*Assignment*: Beginning with the line that has "2010 mercedesbenz sls" and ending with the line that has "Alternate Image 1", retype the entries below exactly, except for the pictures.

*Dataset content*:

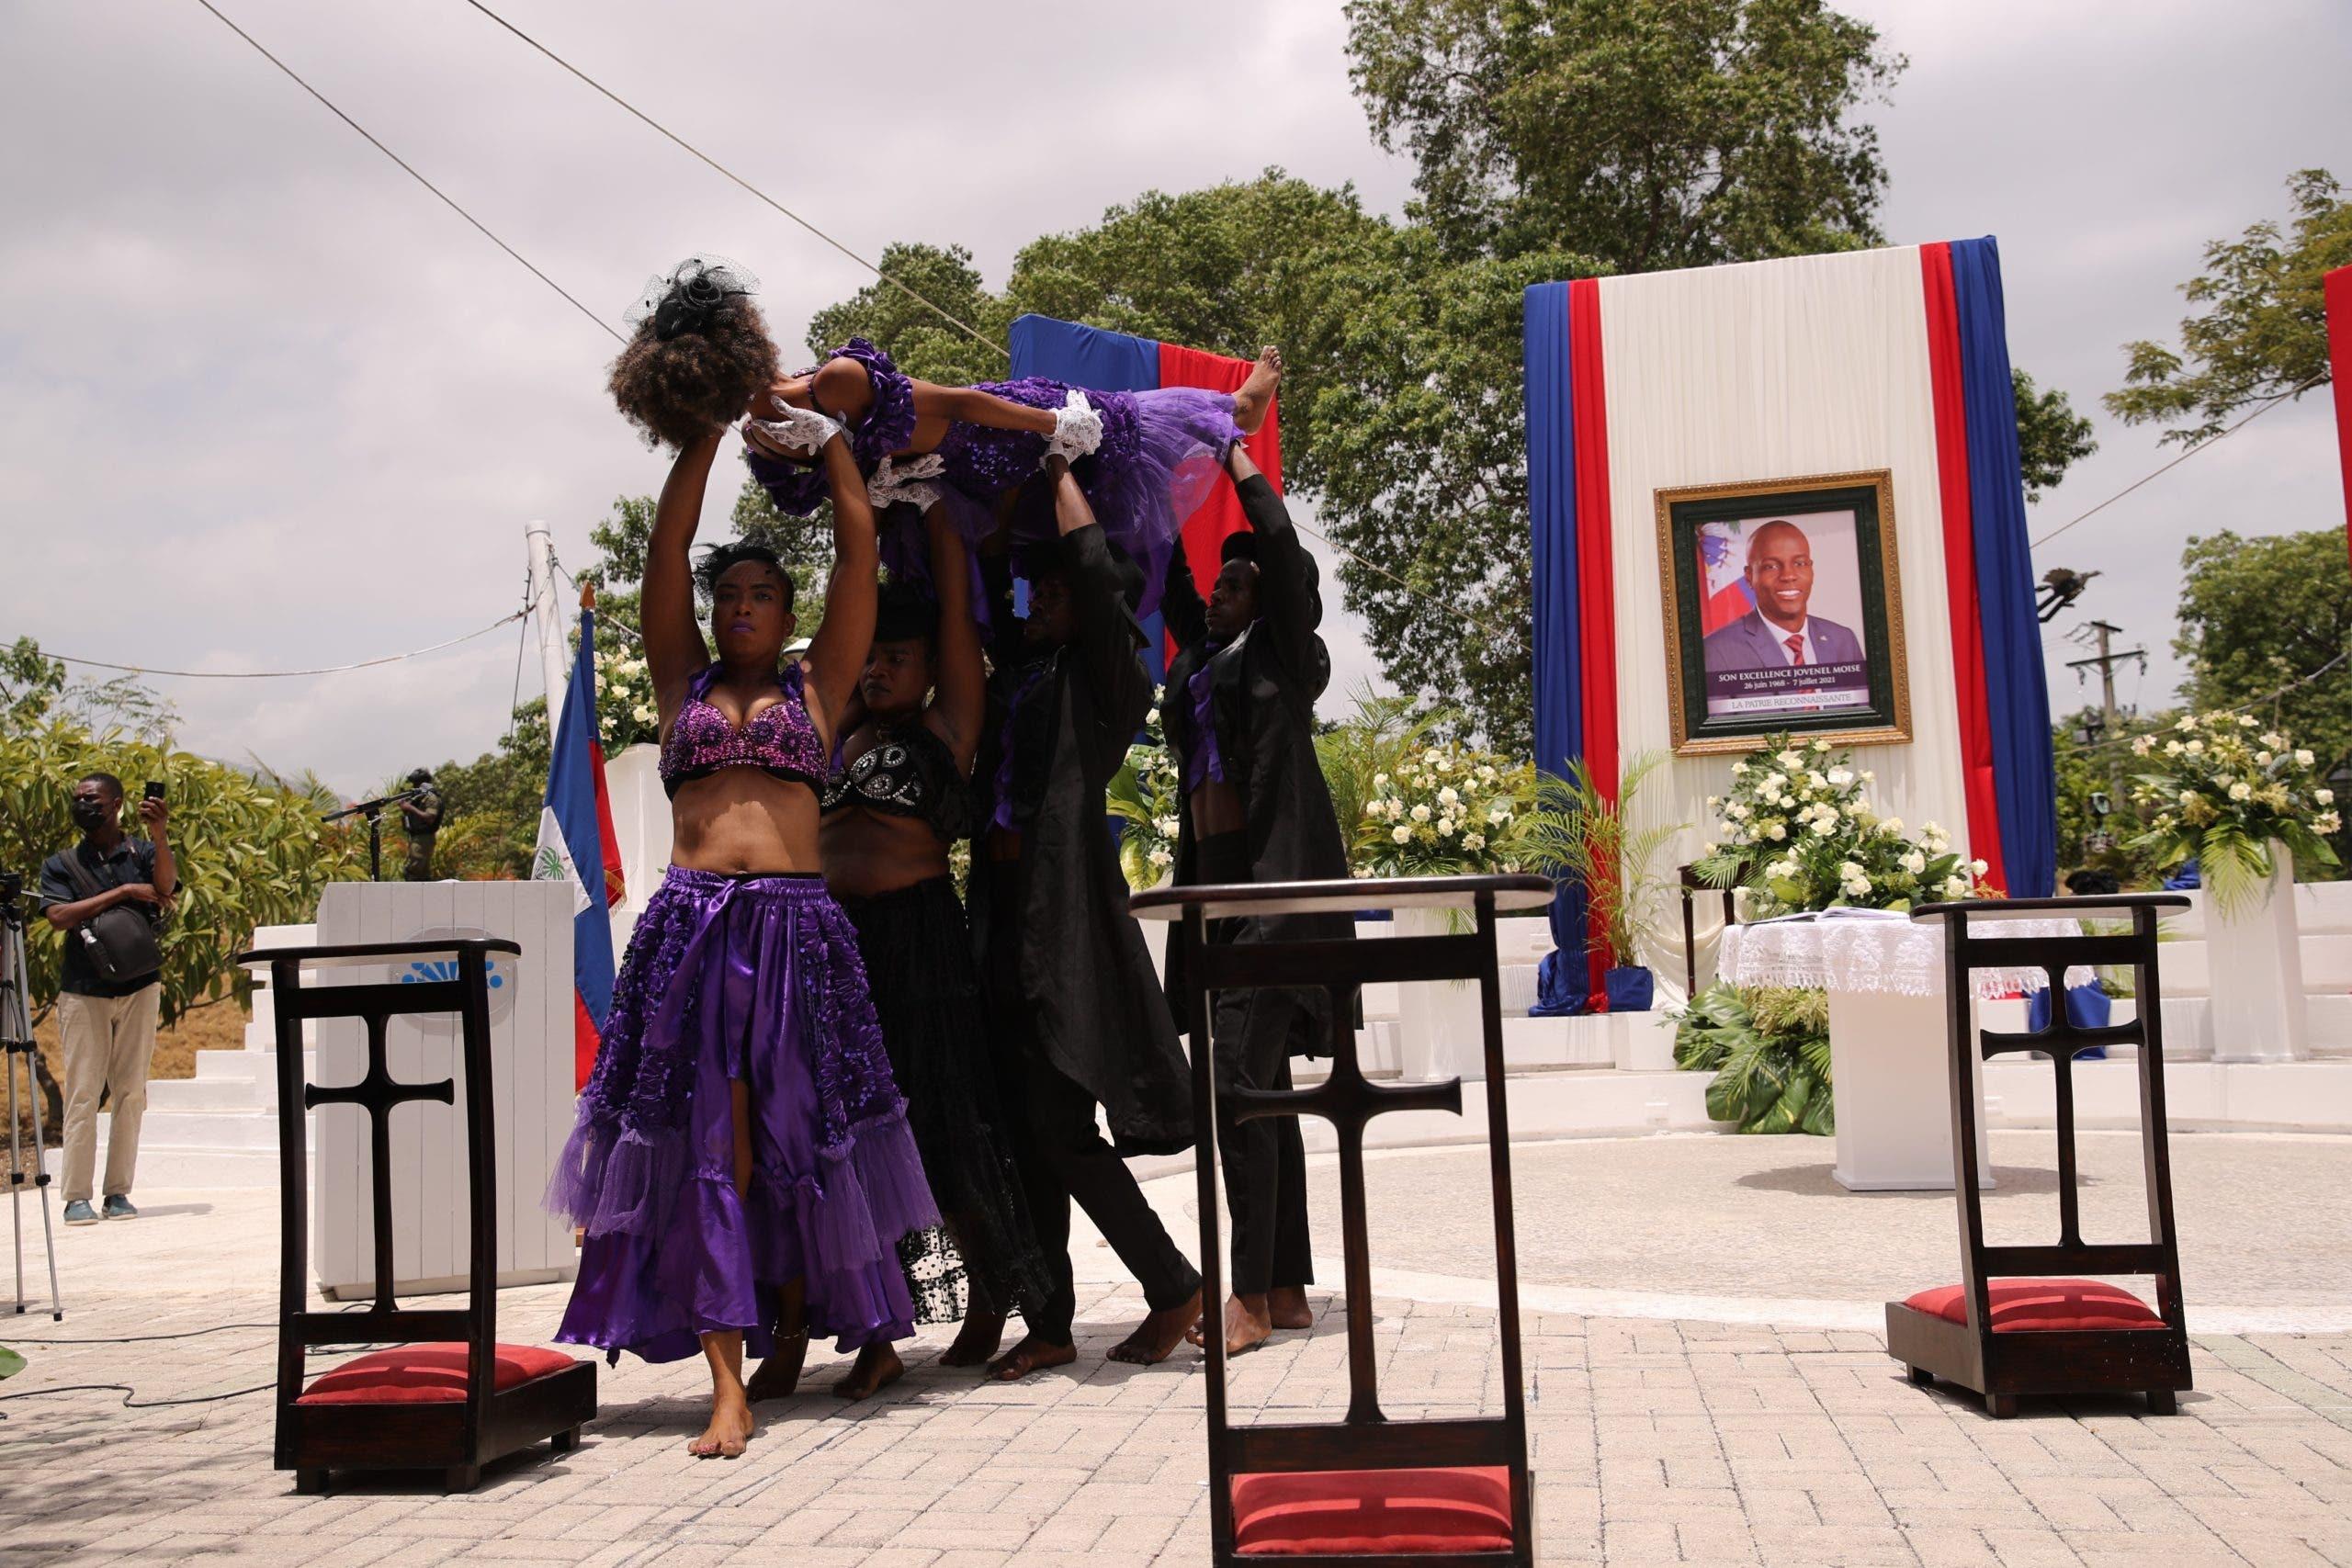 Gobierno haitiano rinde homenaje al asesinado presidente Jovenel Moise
==
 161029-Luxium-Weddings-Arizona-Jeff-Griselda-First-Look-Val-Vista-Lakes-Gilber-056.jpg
---
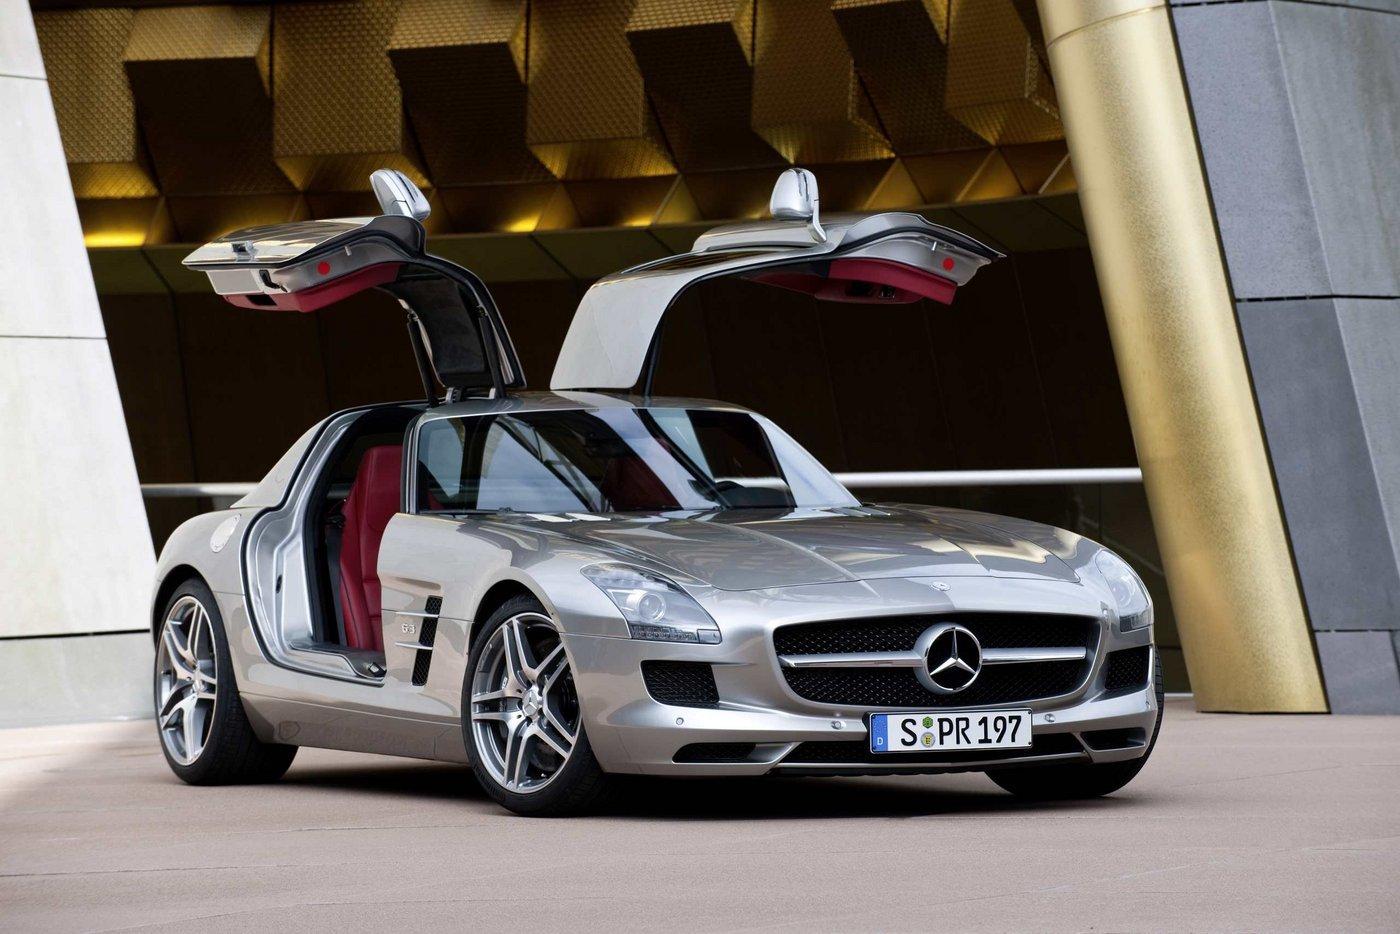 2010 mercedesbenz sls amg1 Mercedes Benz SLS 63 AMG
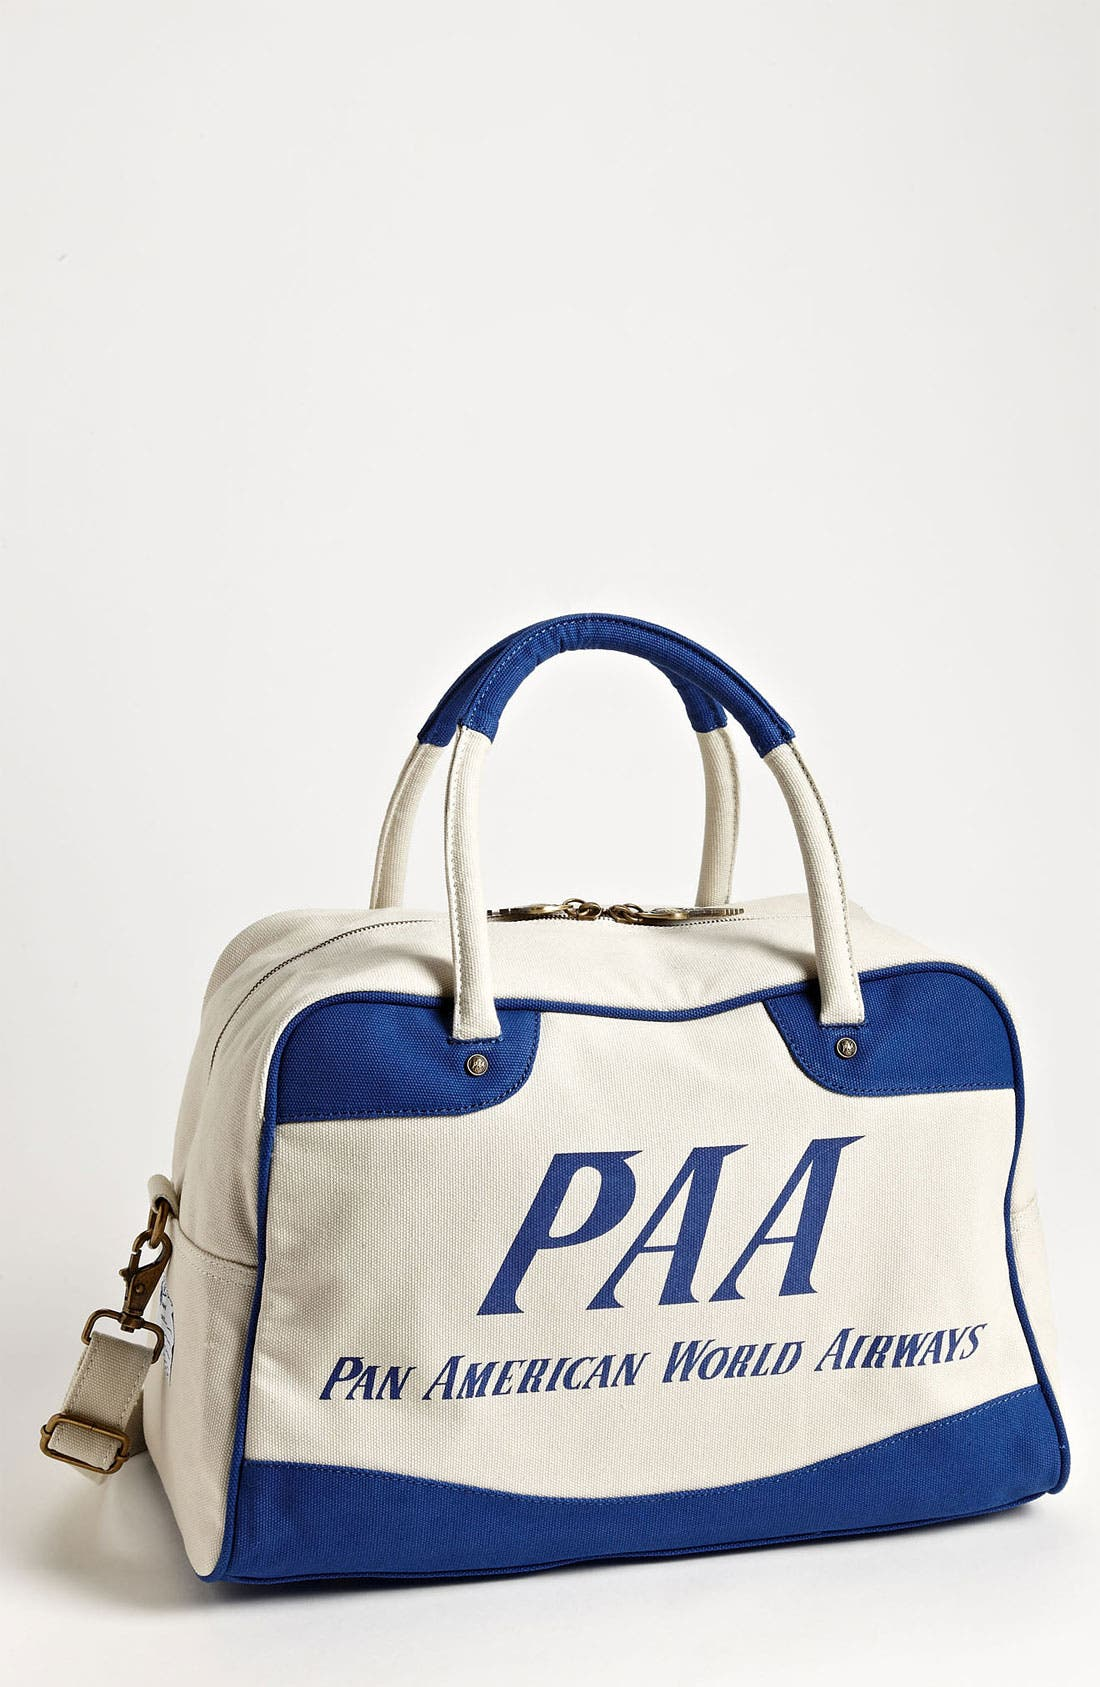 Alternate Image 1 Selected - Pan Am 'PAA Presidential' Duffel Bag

*Response below*:
 2010 mercedesbenz sls amg1 Mercedes Benz SLS 63 AMG
 Alternate Image 1 Selected - Pan Am 'PAA Presidential' Duffel Bag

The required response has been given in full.